# Inverter in the Work Van



## A Little Short (Nov 11, 2010)

For any of you that run an inverter in your van/truck I have a few questions.
I run one but am thinking I need to do different.

Do you use a battery other than the vehicle battery?

If so, what do you use, deep cycle?

How do you keep it charged?

I just run mine on the van battery but have started to run the battery down quickly. Battery is not that old so don't know if it's going bad or can't handle the inverter.


----------



## 3D Electric (Mar 24, 2013)

A Little Short said:


> For any of you that run an inverter in your van/truck I have a few questions.
> I run one but am thinking I need to do different.
> 
> Do you use a battery other than the vehicle battery?
> ...


I have a separate deep cycle battery hooked in parallel to my alternator and the only thing it runs is my inverter. I also have a spring wound timer in line with the inverter so I can never accidentally leave my inverter on and kill my battery!


----------



## 480sparky (Sep 20, 2007)

I have a 2000w/4000w peak unit under the passenger seat. I runs off a battery behind the seat. It's charged off the alternator via an isolator under the hood.


----------



## A Little Short (Nov 11, 2010)

480sparky said:


> I have a 2000w/4000w peak unit under the passenger seat.

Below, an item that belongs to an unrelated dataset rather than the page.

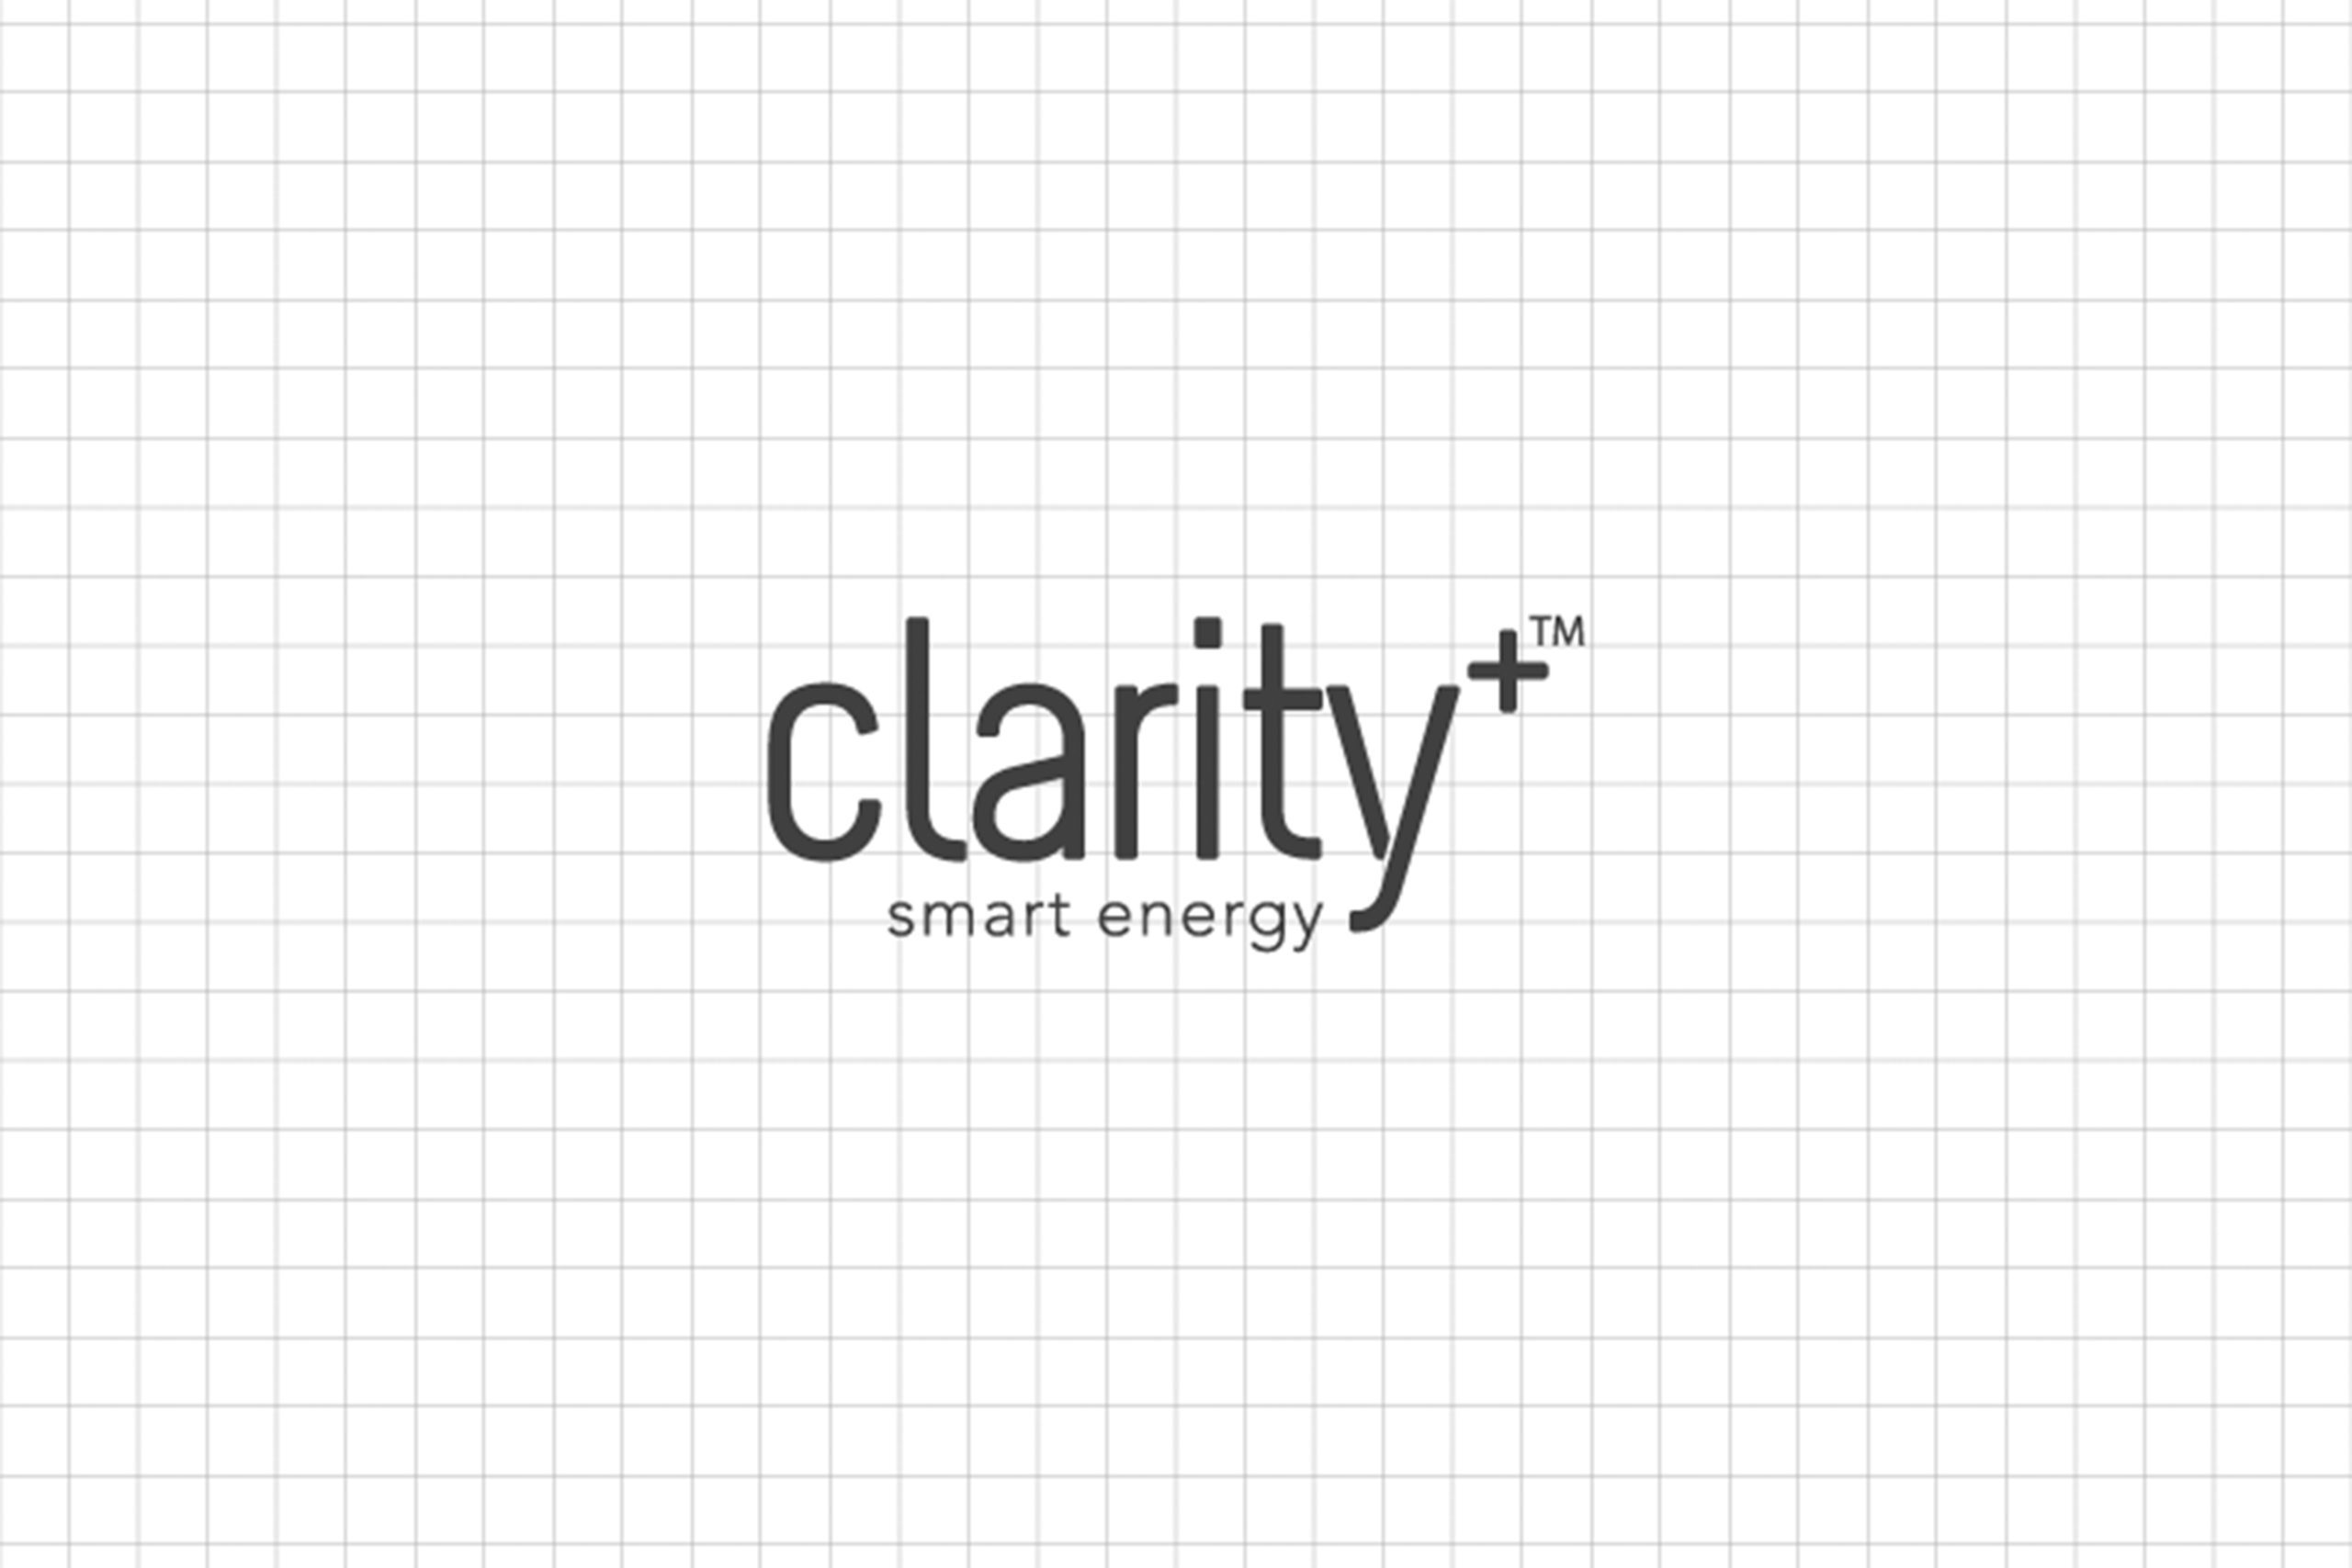 Black Clarity logo on grid

I runs off a battery behind the seat. It's charged off the alternator via an isolator under the hood.


What do you mean by "isolator"?


----------



## 480sparky (Sep 20, 2007)

A Little Short said:


> What do you mean by "isolator"?


----------



## RePhase277 (Feb 5, 2008)

A Little Short said:


> What do you mean by "isolator"?


I don't know what he means by it, but I'm guessing either a switch that can disconnect the starting battery and put the inverter battery in the circuit once the van is started, or a really big diode in the lead to the starting battery to prevent the inverter from pulling current from the starting battery.


----------



## 480sparky (Sep 20, 2007)

InPhase277 said:


> ........a really big diode ...........


Two diodes, actually.


----------



## A Little Short (Nov 11, 2010)

480sparky said:


> https://www.youtube.com/watch?v=CGD8HAeg5UA


Do you have just a regular battery?

Which type of isolator do you have, relay or diode?


----------



## 480sparky (Sep 20, 2007)

A Little Short said:


> Do you have just a regular battery?
> 
> Which type of isolator do you have, relay or diode?


I use a smaller battery, like what a motorcycle uses. My isolator is the diode type.


----------



## A Little Short (Nov 11, 2010)

480sparky said:


> I use a smaller battery, like what a motorcycle uses. My isolator is the diode type.


Would a lawn tractor battery work?


----------



## 480sparky (Sep 20, 2007)

A Little Short said:


> Would a lawn tractor battery work?



They're usually the same.


----------



## Majewski (Jan 8, 2016)

Im also interested in doing something like this. Do you guys use it for recharging batteries and/or other stuff?


----------



## A Little Short (Nov 11, 2010)

Majewski said:


> Im also interested in doing something like this. Do you guys use it for recharging batteries and/or other stuff?


Mainly for charging batteries for my cordless tools. Sometimes I run a cord to a panel to power it up if there is no temp power there. I don't run a load off the panel, just mainly checking lights & receptacles. Just run it long enough to check them.


----------



## Southeast Power (Jan 18, 2009)

I kinda of lucked out.
My KUV utility body van has a Diesel engine. The second battery is in one the larger compartments behind the drivers seat.
I was able to use the factory cables from the inverter and only had to run 2' of cable from the inverter to the battery.
It left me stranded a few times and then I realized that one of my batteries was bad. I replaced it and haven't had a problem.
All of that could have been avoided if I would have opted for an inverter with a low voltage shut off. 

If an inverter is something that you infrequently use, you might just build a portable version with its own charger or one with a set of jumper cables and connect it on demand.


----------



## 480sparky (Sep 20, 2007)

Majewski said:


> Im also interested in doing something like this. Do you guys use it for recharging batteries and/or other stuff?


I use mine primarily to run power tools and temp lighting on job sites that don't have electricity yet.

'Specially to use my Hilti TE-905 to drive service ground rods with.



jrannis said:


> If an inverter is something that you infrequently use, you might just build a portable version with its own charger or one with a set of jumper cables and connect it on demand.


Or just hook up to a trickle charger when you're parked for the night.


----------



## A Little Short (Nov 11, 2010)

*Isolator vs Combiner*

So after I learned what an isolator was I started looking for one. Several places said that an isolator wasn't what I should get. They said because of a .7V voltage drop across the isolator the batteries wouldn't receive a full charge and would never get "topped off".

So they suggested a "Combiner". It does mostly the same thing as the isolator but without the voltage drop. It keeps the batteries isolated when discharging and when it senses a charge it "combines" them. So one battery won't drain the other when in use and not charging, but both will charge when the alt. is putting out.

Some call the combiner an automatic charging relay.

So I think I am going to order a "combiner" for my setup. 
This is supposed to be one of the better ones.


----------



## hotwire480 (Jan 10, 2015)

I'm building my new work van and plan on a 5kw inverter. I'm installing 2 batteries with a isolator/soleniod to separate the 2 batteries from the factory battery. With an isolator you can run the 2 batteries that run the inverter dead and still have the factory battery fully charged to start the van. After the engine is started the isolator engages and charges the 2 batteries that run the inverter as I drive.


----------